WARP brought together two directors who had experience on EKAS – Dimitri Nakassis and Sarah James both of whom also had worked with Michael Cosmopolos on the Iklaina survey project as well (if I’m not mistaken). Scott Gallimore, the third director, cut his teeth on the Gallatas Survey under Vance Watrous on Crete. Sarah James also worked closely with Guy Sanders at Corinth and, on WARP, often mediated between the siteless approaches embraced my Dimitri (and myself) and Guy Sander’s more critical position regarding survey methods in general. Scott Gallimore’s work on the rather different Gallatas survey provided an additional perspective that shaped our work.
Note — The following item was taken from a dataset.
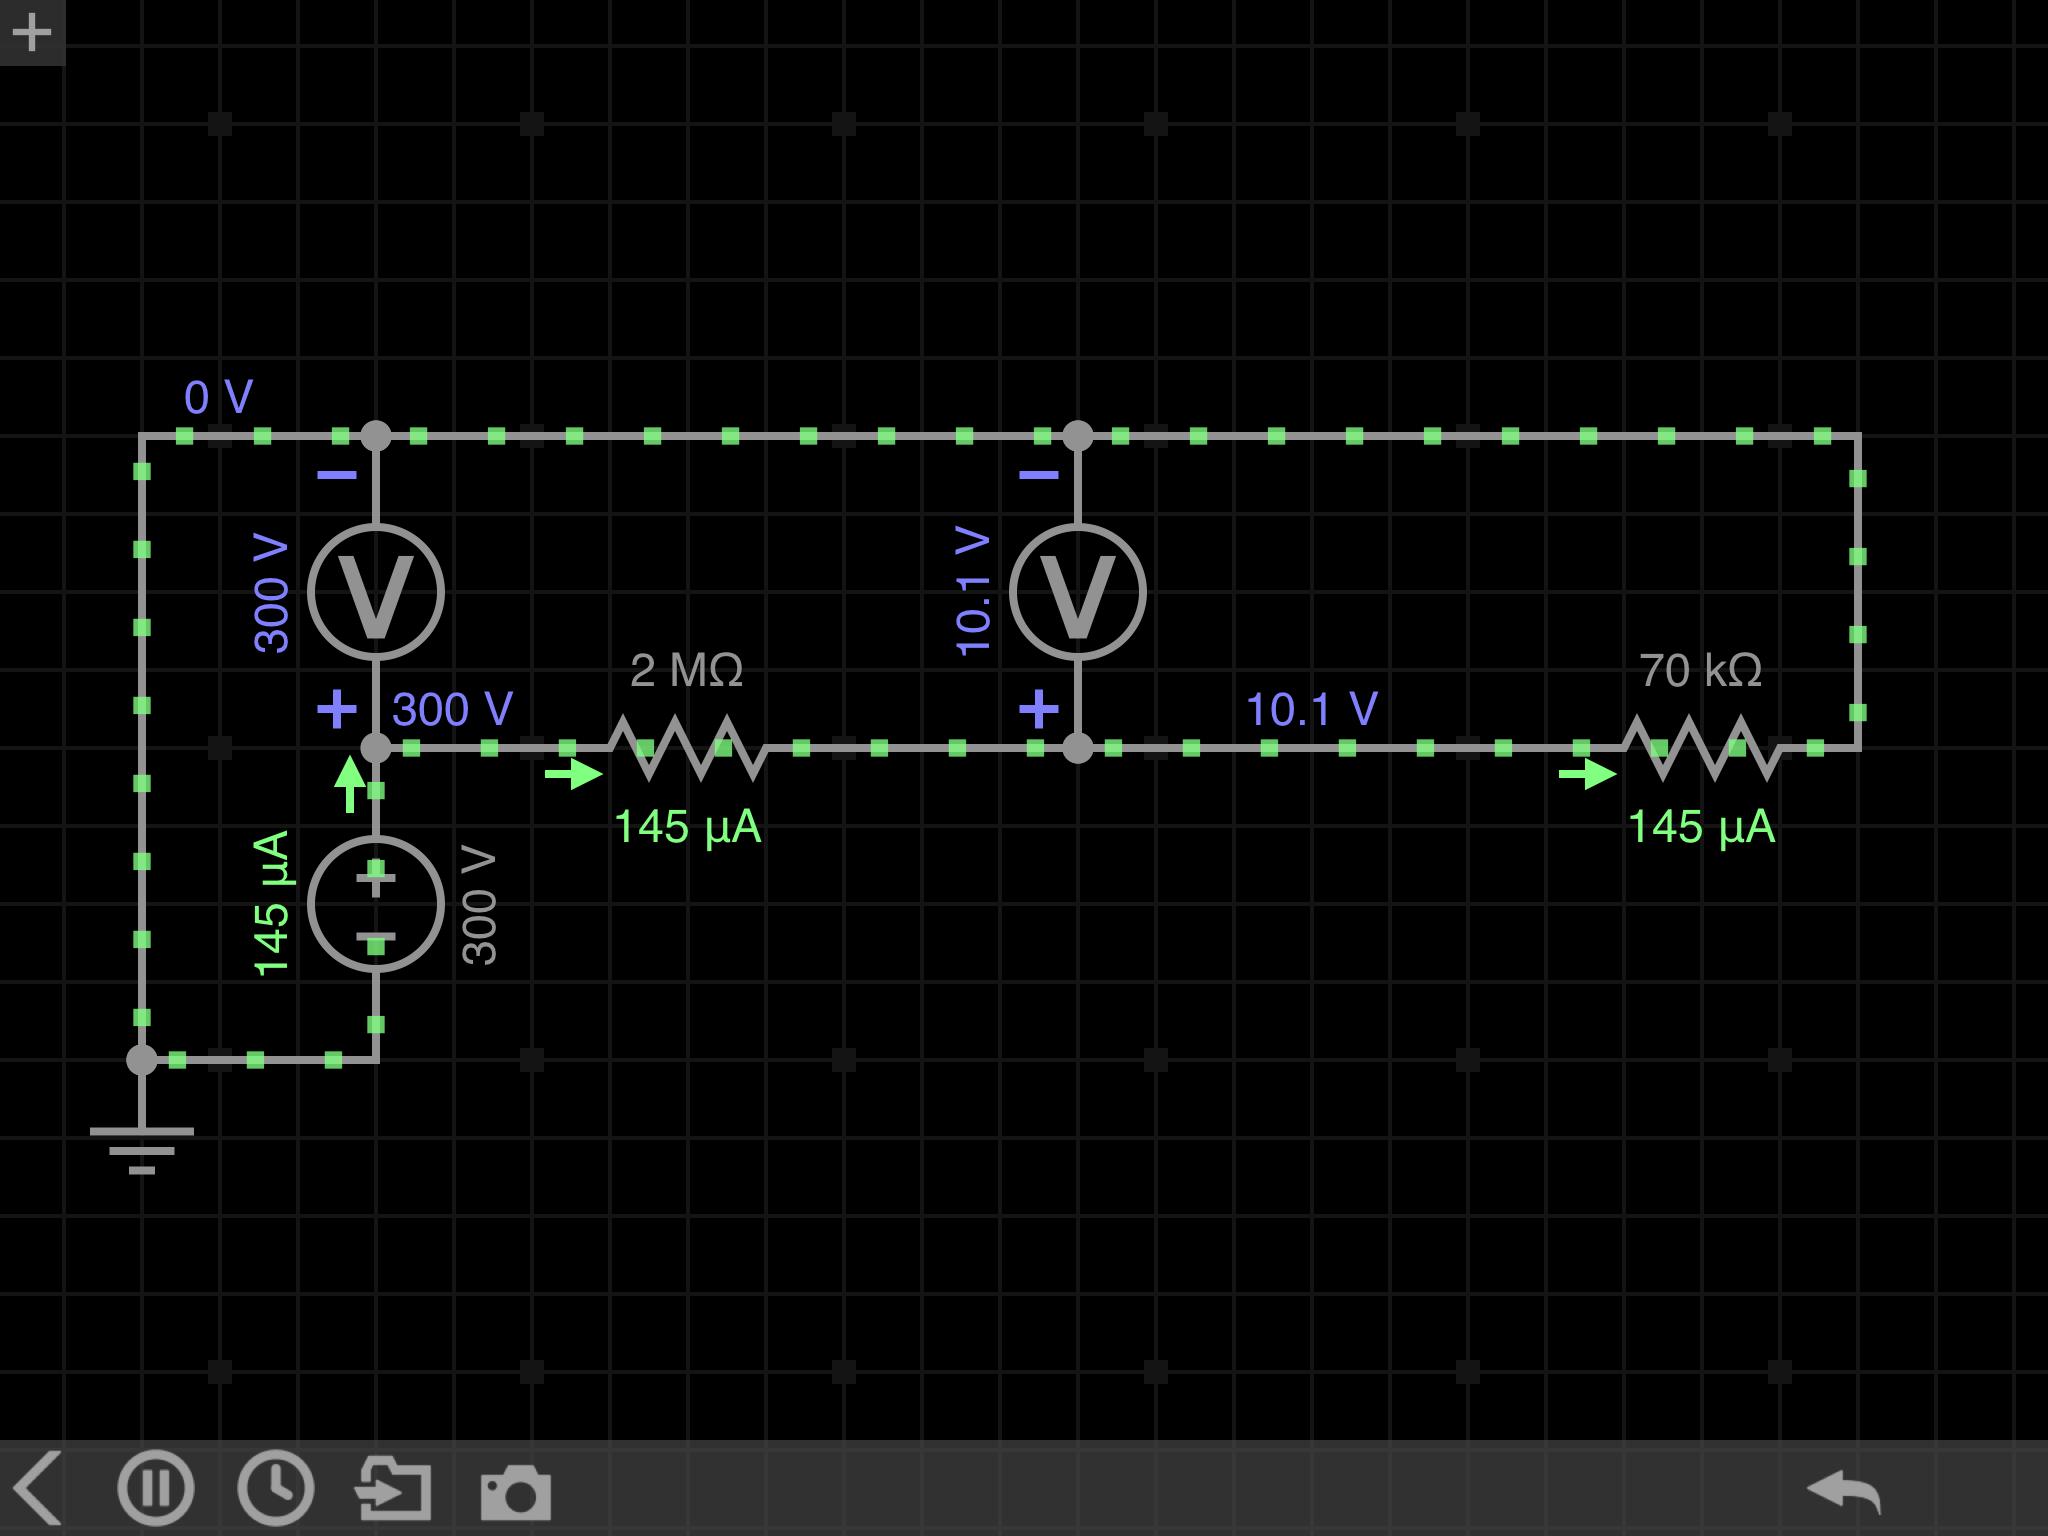 E2EA0941-4321-4FD2-94EE-FE63C65BB6CC.png

Update: As Dimitri reminded me in this little Twitter thread, he also was a student of John Cherry and Sue Alcock at Michigan  and worked with Jim Wright in Nemea connecting WARP with the “Cherry-Davis-Wright” network as much as the SCSP/EKAS lineage.

It’s telling and significant that graduate students who worked with us on WARP have now worked on other survey projects in the Aegean basin and have undoubtedly transmitted certain ideas as well as contributed their own critiques to the development of field practices.

None of this is meant to necessarily contradict Loy’s top down view, but to complicate the implicit assumption that survey directors define the discipline in such an explicit way. A more subtle reading of survey project (which would involve more complex genealogies that extended well below the level of project director) would reveal a more dynamic space for the foment and transmission of ideas. Instead of the dendritic networks presented in the article a more rhizomic understanding of how ideas and practices shaped intensive survey. 

Indeed, one of the things that always attracted me to intensive survey is its relative simplicity in practice and its largely non-destructive nature encouraged a more egalitarian attitude among its practitioners. Moreover the granularity of survey data and its digital format allowed projects to open up the process of analysis to more participants than many traditional excavations. As a result, it would seem that the character of intensive survey in the Mediterranean would reward the development of genealogies that looked beyond the hierarchy of project directors and first authors. This is not meant to take anything away from Loy’s work, but to suggest that he has just scratched the surface of the networks and relationships that have shaped contemporary survey practices in Greece and the Aegean.